As of April 1, 2011, the Credit Facility provided a revolving line of credit of $325.0 million (including up to $35.0 million of letters of credit), with a maturity date of January 25, 2016. On January 25, 2011, the Company amended the Credit Facility to (1) increase the Company’s revolving line of credit from $275.0 million to $325.0 million, (2) extend the maturity date of the Credit Facility from July 1, 2012 to January 25, 2016, (3) decrease the commitment fee and the applicable margin for Eurodollar and base rate loans under the Credit Facility, and (4) amend certain financial and other covenants to provide the Company with increased flexibility. Borrowings under the Credit Facility bear interest, at the Company’s option, at either (1) the highest of the Federal Funds rate plus 0.50%, the Eurodollar rate plus 1.00% or the administrative agent’s prime rate as announced from time to time, or (2) at the Eurodollar rate plus, in the case of each of (1) and (2), an applicable margin that is based on the ratio of the Company’s debt to earnings before interest, taxes, depreciation and amortization (EBITDA).

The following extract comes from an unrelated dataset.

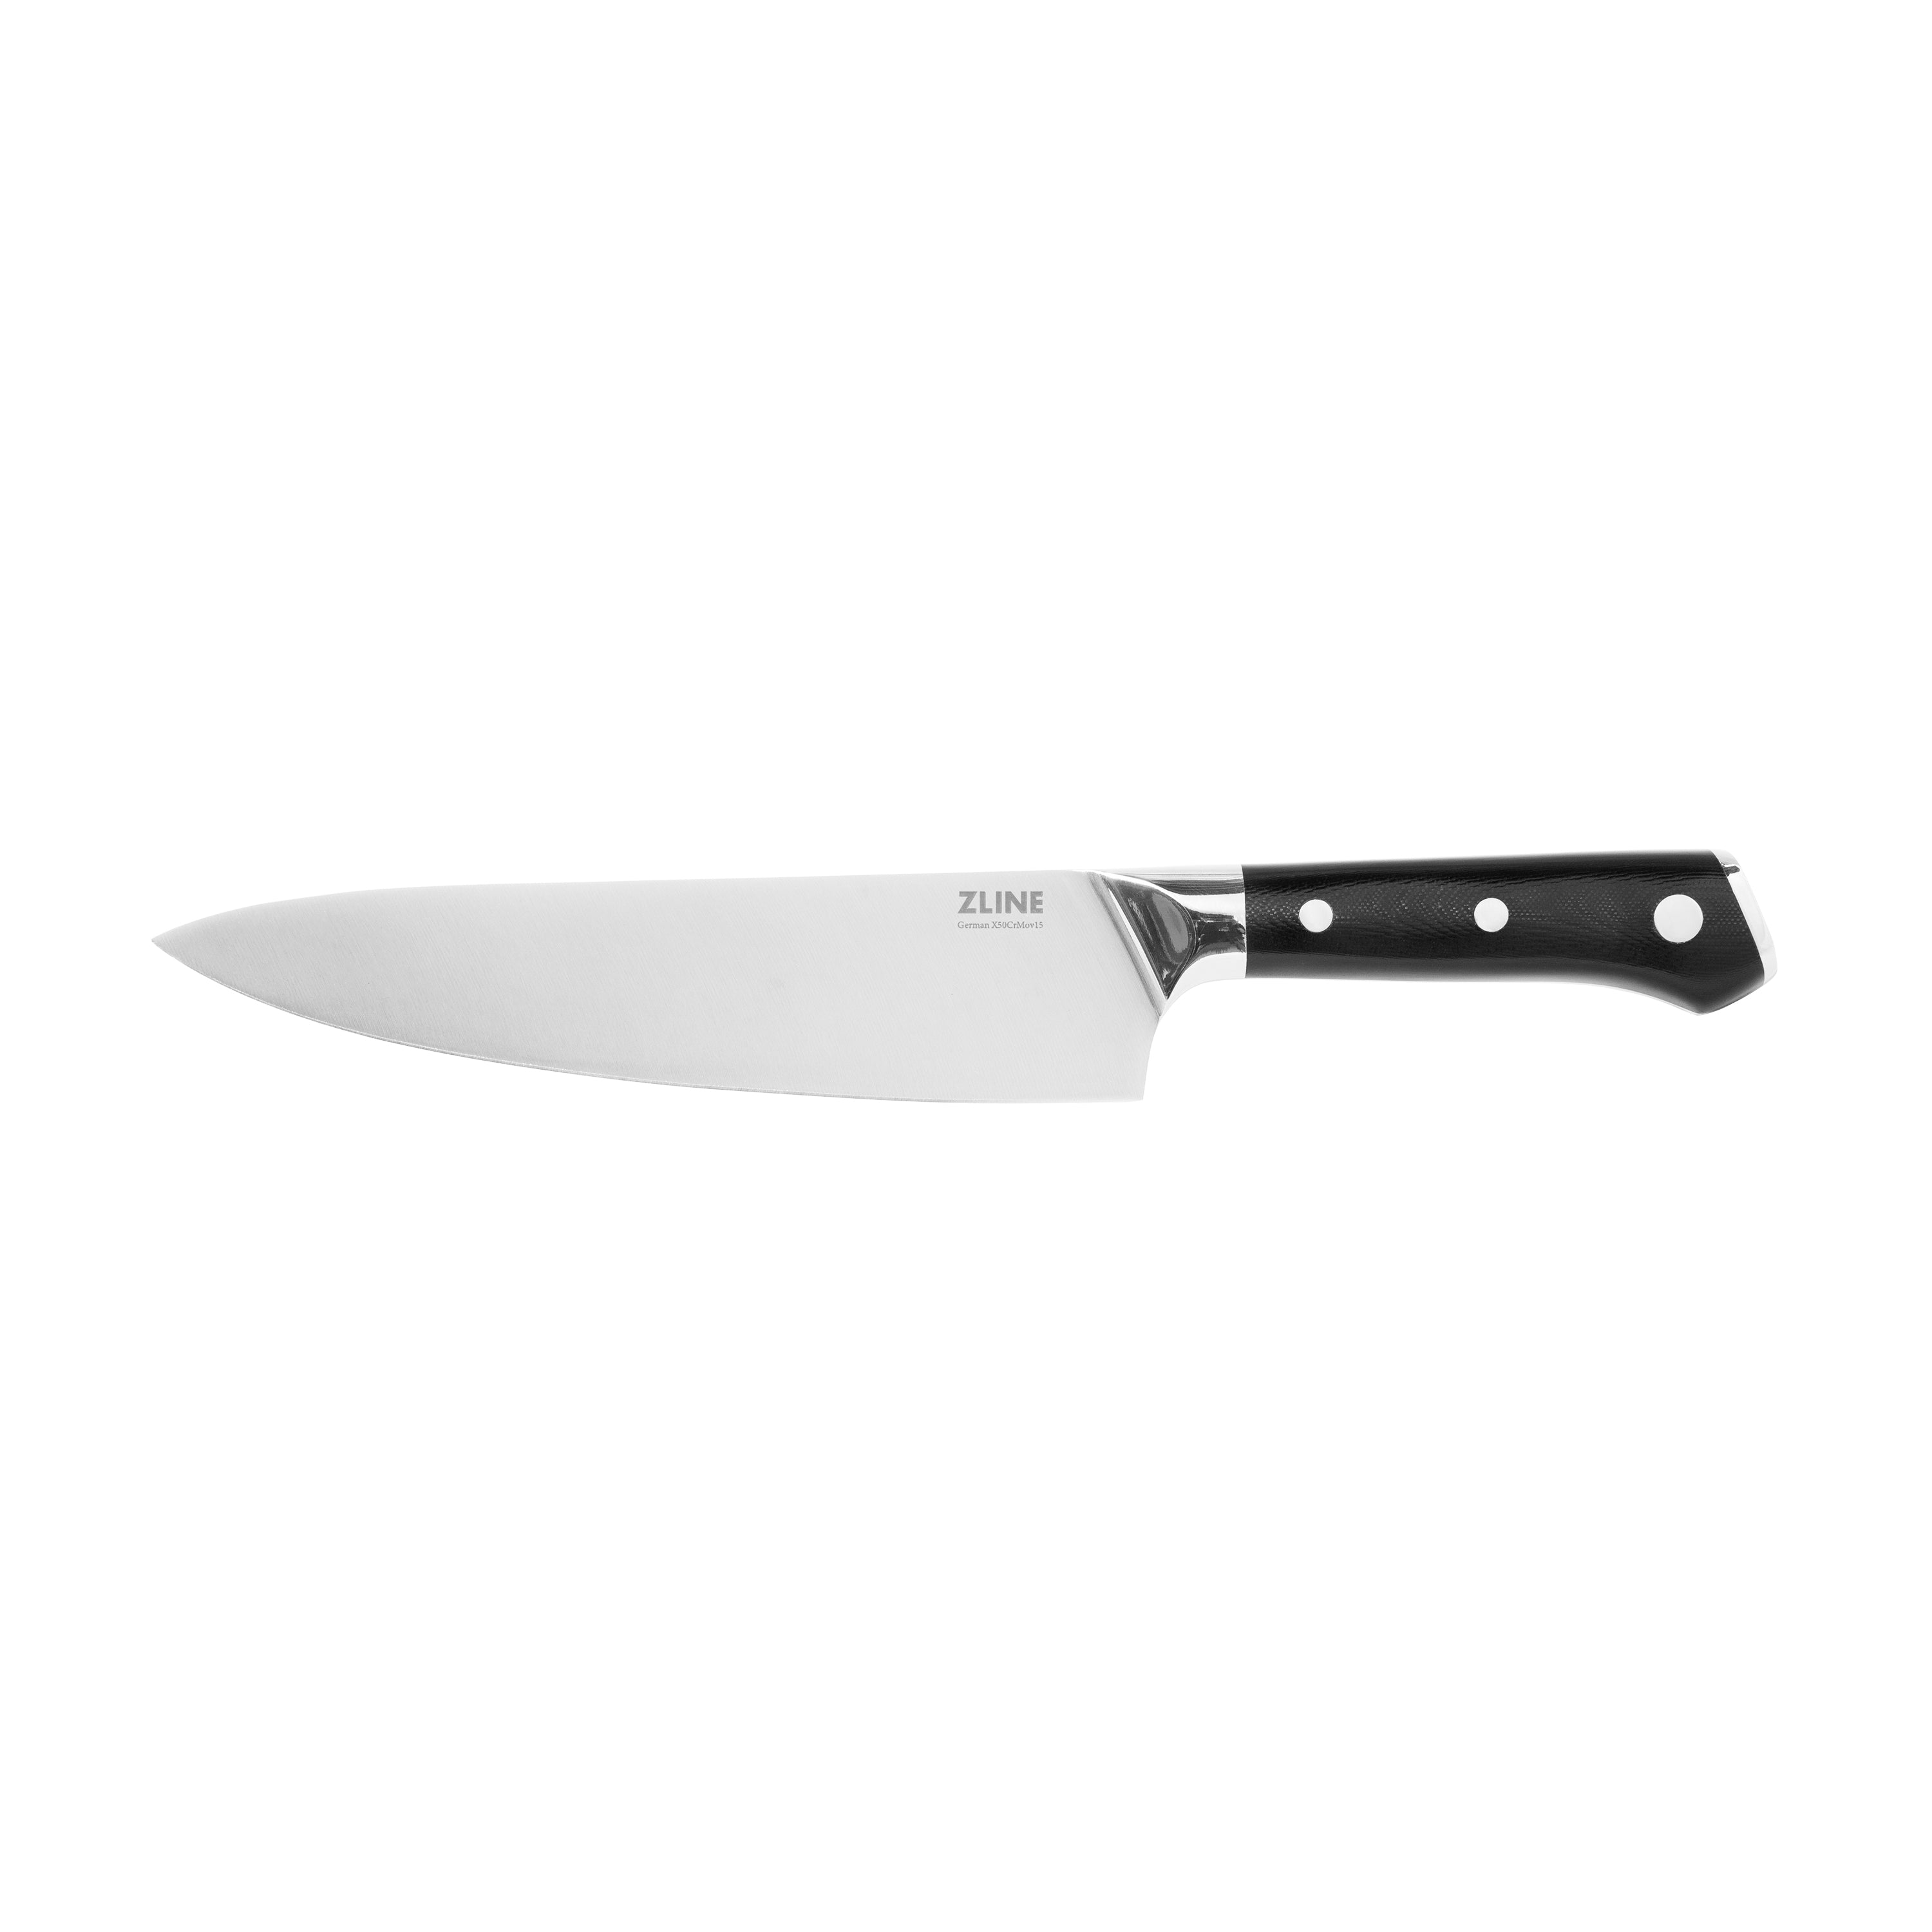 8'' GERMAN STAINLESS STEEL CHEF KNIFE – KANKA Grill
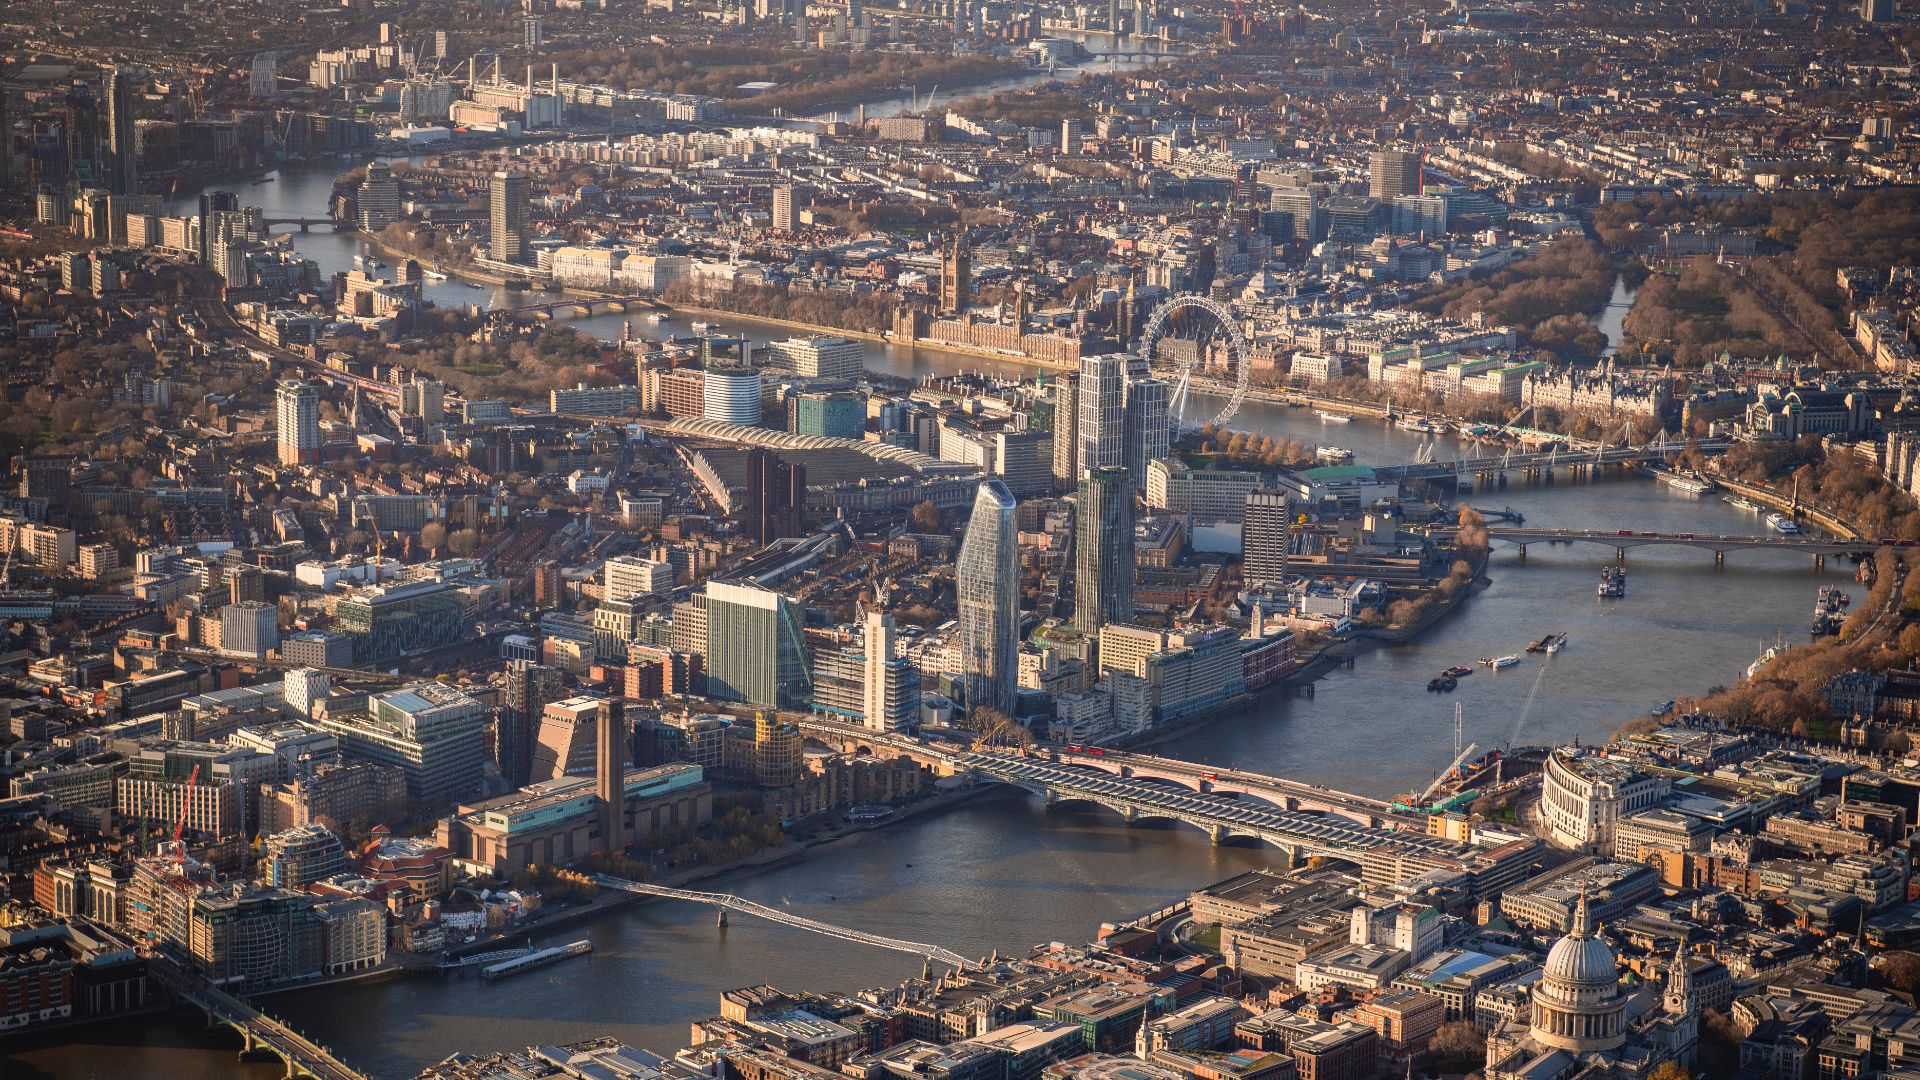 An aerial view of One Millennium Bridge in the heart of London at dusk

At April 1, 2011, the weighted average effective interest rate on the Company’s outstanding borrowings under the Credit Facility was 3.29%. The Company has capitalized certain amounts of interest expense on the Credit Facility in connection with the construction of ViaSat-1, related gateway and networking equipment and other assets currently under construction. The Credit Facility is guaranteed by certain of the Company’s domestic subsidiaries and collateralized by substantially all of the Company’s and the Guarantor Subsidiaries’ assets.
 
The Credit Facility contains financial covenants regarding a maximum leverage ratio, a maximum senior secured leverage ratio and a minimum interest coverage ratio. In addition, the Credit Facility contains covenants that restrict, among other things, the Company’s ability to sell assets, make investments and acquisitions, make capital expenditures, grant liens, pay dividends and make certain other restricted payments.
 
The Company was in compliance with its financial covenants under the Credit Facility as of April 1, 2011. At April 1, 2011, the Company had $60.0 million in principal amount of outstanding borrowings under the Credit Facility and $14.3 million outstanding under standby letters of credit, leaving borrowing availability under the Credit Facility as of April 1, 2011of $250.7 million.
 
Capital leases
 
Occasionally the Company may enter into capital lease agreements for various machinery, equipment, computer-related equipment, software, furniture or fixtures. As of April 1, 2011, the Company had approximately $3.1 million outstanding under capital leases payable over a weighted average period of 36 months. These lease agreements bear interest at a weighted average rate of 4.69% and can be extended on a month-to-month basis after the original term. The Company had no material capital lease arrangements as of April 2, 2010.